YIELDS ON government securities (GS) inched up last week due to muted trading amid a lack of fresh leads, with investors also awaiting the Bangko Sentral ng Pilipinas’ (BSP) maiden bond offering this Friday.

GS yields, which move opposite to prices, increased by 2.8 basis points (bps) on average week on week, PHP Bloomberg Valuation Service Reference Rates as of Sept. 11 published on the Philippine Dealing System’s website showed.

“Market remains generally moving sideways with an upward bias due to lack of catalyst,” a bond trader said in a Viber message last Friday.

“Yields saw directional trading throughout the week but we did note a general upward trend in yields as investors continue to look to possible issuances from the BTr (Bureau of the Treasury) and the effect on liquidity from future moves,” ING Bank N.V. Manila Senior Economist Nicholas Antonio T. Mapa said in an e-mail.

“It was a relatively quiet week for the government debt securities market with low volume turnover. Market focus was on FXTN 03-25 auction…” UnionBank of the Philippines, Inc. said in a market report on Friday, referring to the fresh three-year bonds issued last week.

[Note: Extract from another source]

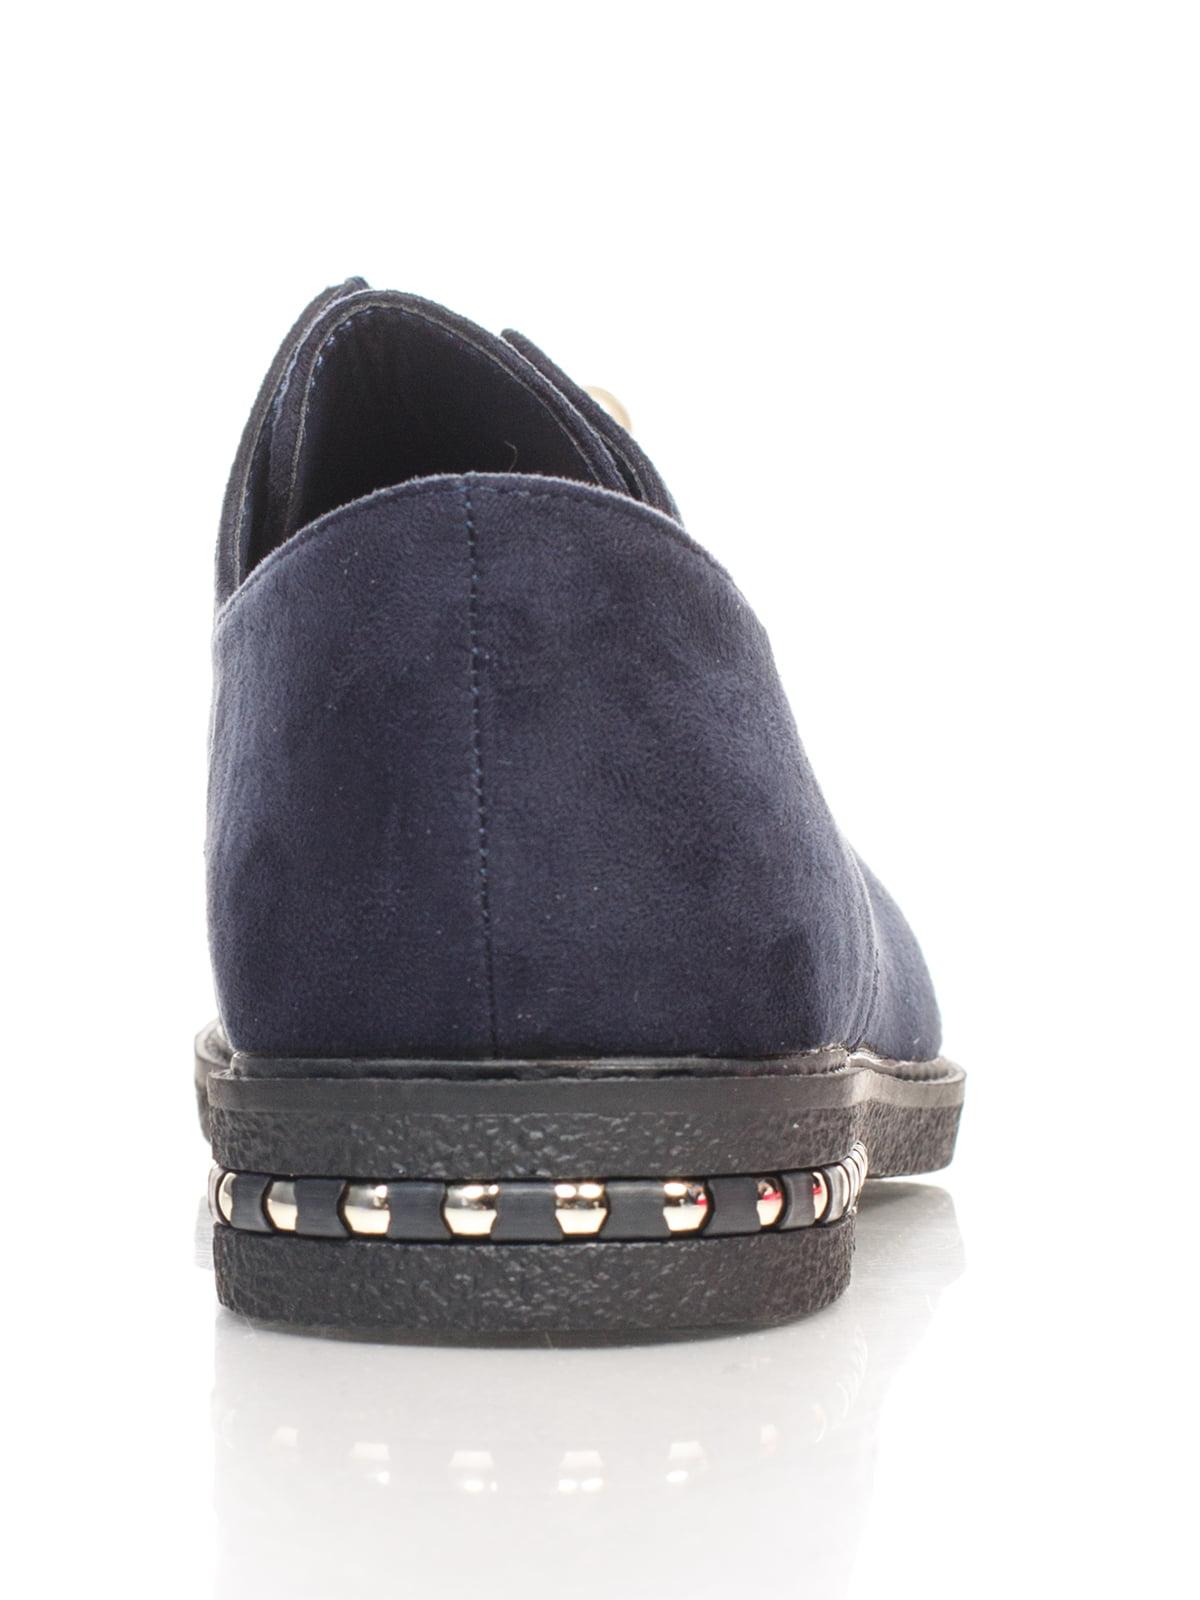 Туфли синие с декором | 4605868 | фото 3

The BTr raised P30 billion via the fresh three-year papers it offered on Tuesday as rates declined. The bond fetched a coupon rate of 2.375% and an average rate of 2.279%. It settled at 2.38% at the end of trading on Tuesday.

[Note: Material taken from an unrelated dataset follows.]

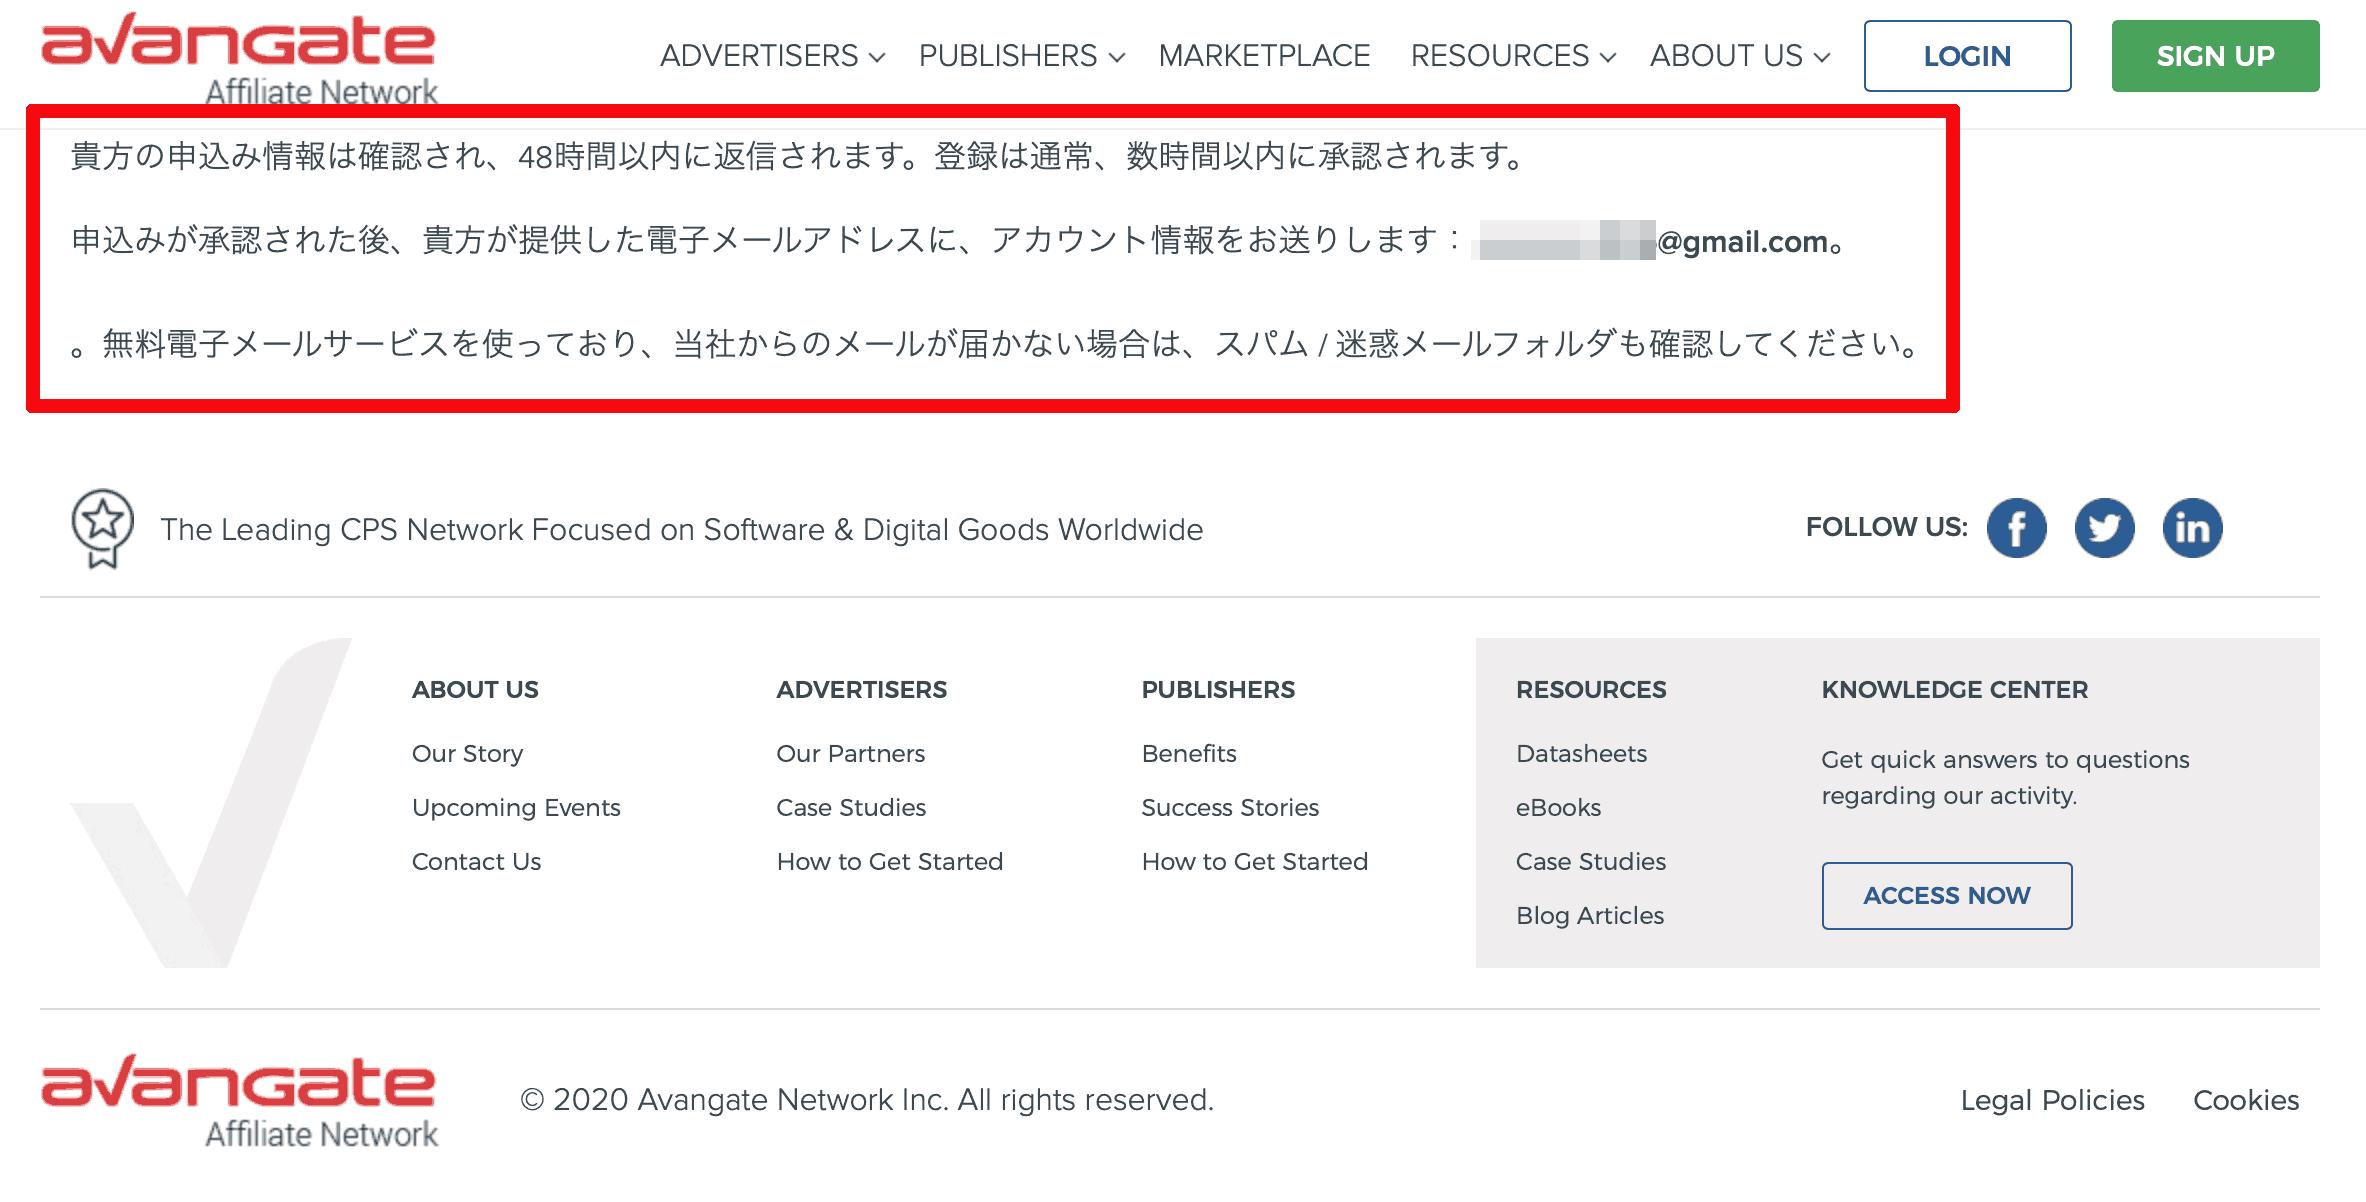 Avangateアカウント登録7

Due to the strong demand for the papers, the Treasury opened its tap facility to raise another P15 billion from the tenor.

Except for 91-day debt, which dropped by 0.8 bp to 1.201%, yields climbed across-the-board at the end of trading last Friday.

The rates of the 182- and 364-day Treasury bills went up 3.5 bps and 2.1 bps, respectively, to 1.496% and 1.828%.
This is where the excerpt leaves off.